Sometimes moderation isn’t just the mushy middle between two extremes; it’s a form of pragmatic and even revolutionary imagination. Nuclear power as an answer to climate changes qualifies in this regard.
I can’t believe I did this, but last Monday I actually chose to attend a conference on moderation. Yes, moderation. In what might seem like self-parody or a fevered dream, it started with a speech by David Brooks and ended with a discussion with Tony Blair. Held by the Niskanen Center, a think tank founded in 2014 dedicated to saving what’s left of liberal democracy, it was not designed, like CPAC now is, as some kind of madcap, post-everything entertainment — and in this respect, it certainly delivered.
At first blush, this seems utterly banal — always attempting to meet in the middle of two competing forces. Call it “both sides-ism,” “zombie centrism,” or whatever. I share the general contempt for that kind of “splitting the difference” moderation. There may be times when it works, in an attempt to close a political deal, but it’s mindless if it doesn’t take into account external reality. So to return to the metaphor of a boat, it’s no good being equally balanced if a gale-force wind is pushing the boat in one direction. You may need to get everyone on one side of the ship to keep it upright. You trim your sails not according to ideology, or a compass, but according to the winds and the waves. There’s no easy formula for this; it requires prudential judgment. It requires leaders who have a sense of the exigencies and passions of their time and respond to them empirically.
So FDR was in many ways an extremist in the context of American history; but his extremism was a form of moderation given the dire economic crisis he had to handle. I’d say the same thing about Thatcher: a radical remaker of an economy and society, but in the context of previous economic stagnation, social breakdown, and a stifling collectivism, something of a moderate.
What would that kind of revolutionary moderation look like today? That depends on your take on the world we are living in. My own view is that this period is unique in human history because it is the first time our species is on the verge of wiping out most life as it now exists on this planet. It’s the mother of all emergencies. In this context, moderation is radicalism. Splitting the difference right now between the GOP and the Democrats on this subject is to guarantee eco-suicide. And since it is an emergency, gradualism is not, shall we say, optimal. That’s why the Green New Deal has appeal. Its vast ambition is actually well-suited to the humongous scale of the challenge. When AOC’s critics say her idea is preposterously expensive and unnecessarily socialist (as it is), she is perfectly right to ask: So what’s your alternative?
Here’s a suggestion: Focus on a non-carbon energy source that is already proven to be technologically feasible, can be quickly scaled up, and can potentially meet all our energy demands. What we need, given how little time we have, is a massive nuclear energy program.
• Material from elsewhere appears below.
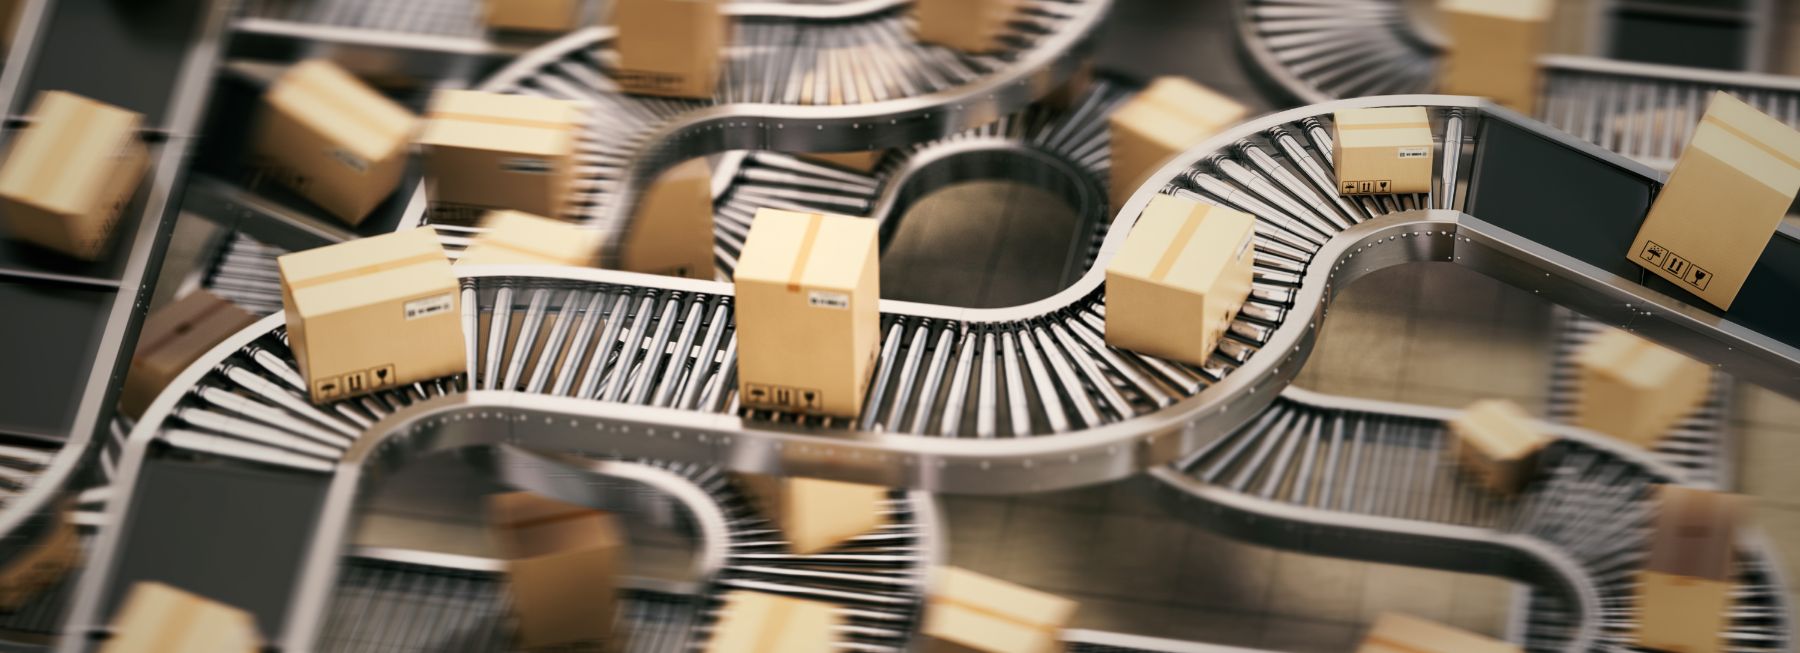 Can packaging companies really embrace market dynamics?

Sure, we can keep innovating and investing in renewables, and use as much as we can. But they are not going to save us or the planet in time. We know nuclear works and does so quickly. As argued in Scientific American:
The speediest drop in greenhouse gas pollution on record occurred in France in the 1970s and ‘80s, when that country transitioned from burning fossil fuels to nuclear fission for electricity, lowering its greenhouse emissions by roughly 2 percent per year. The world needs to drop its global warming pollution by 6 percent annually to avoid “dangerous” climate change in the estimation of [respected climate scientist James] Hansen and his co-authors in a recent paper in PLoS One.
What’s the catch? It’s superexpensive. While the price of renewables keeps falling, nuclear remains very costly. The plants take a long time to build, and they’re difficult to site. One estimate is that it would cost $7 trillion to build a thousand nuclear plants, which would allow us to get a quarter of our energy from this non-carbon source. For the U. S. to get half its energy from nuclear would cost around $14 trillion. But if we committed to a huge nuclear investment, and the innovation that comes with it, that cost would come down. Compared with one estimate of $93 trillion for the Green New Deal, it’s a bargain.